In fact, a recent survey of New Yorkers found de Blasio polling at zero percent everywhere in the Empire State, including the Big Apple. He even had a significantly lower favorability rating (25 percent) than President Donald Trump (32 percent).

De Blasio’s campaign did not get off to the most auspicious beginning. He was drowned out by hecklers at a pre-campaign appearance at Trump Tower. A high-school student with a blog announced de Blasio’s candidacy before the mayor had formally done so. The radical leftist de Blasio, who has a long history of praising communists, made the faux pas of quoting Che Guevara at a rally in Miami, where it was not received well by Cuban exiles who know Guevara’s real record. A video announcement he sent to labor workers in Iowa distorted his voice so oddly that attendees laughed. Hardly anyone showed up for his campaign events.

The mayor’s fundraising practices were also called into question — and not for the first time. According to the Post, “he received hundreds of thousands in campaign contributions from people or businesses with interests before the city,” primarily from the Hotel Trades Council, which has directly benefited from de Blasio’s policies. On top of that, wrote Politico, “he garnered at least two complaints to the Federal Election Commission because he had quietly turned a political action committee purportedly intended to help other Democrats into an exploratory committee for himself.” Despite this, he was unable to raise sufficient funds to mount a full-fledged campaign and get into the most recent debate.

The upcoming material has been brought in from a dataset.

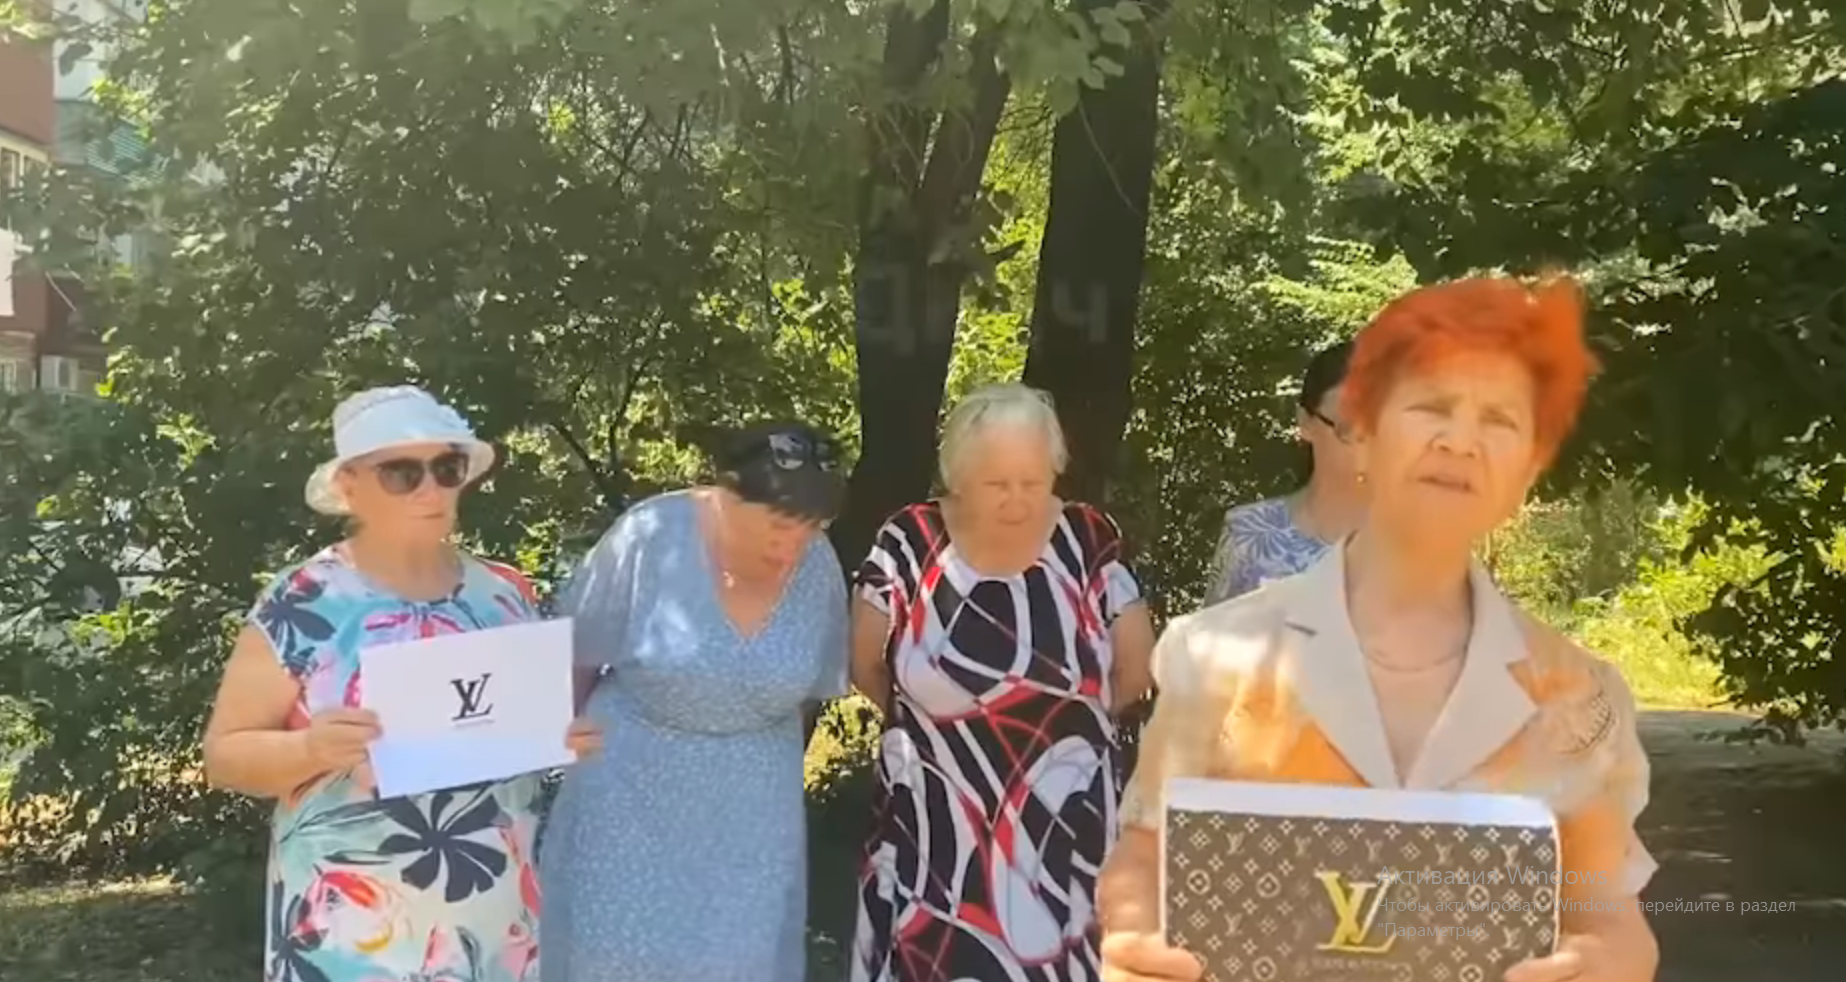 Видео дня: бабули из «Отрядов Путина» жгут символику модного люксового бренда

In an op-ed for NBC News announcing the end of his campaign, de Blasio wrote, “Fighting for working people and ensuring that New York City remains the vanguard of progressivism will continue to be my missions.” He vowed to continue to push for mandating an annual two weeks’ paid vacation for private-sector employees, “implementing universal health care and the Green New Deal,” and preventing workers from losing their jobs to automation. And he promised to “ensure our party continues to be remade in the image of the activism I’ve seen all across this nation.”

The last word on de Blasio’s departure from the race goes to Trump, who tweeted: “Part time Mayor of New York City, @BilldeBlasio, who was polling at a solid ZERO but had tremendous room for growth, has shocking[ly] dropped out of the Presidential race. NYC is devastated, he’s coming home!”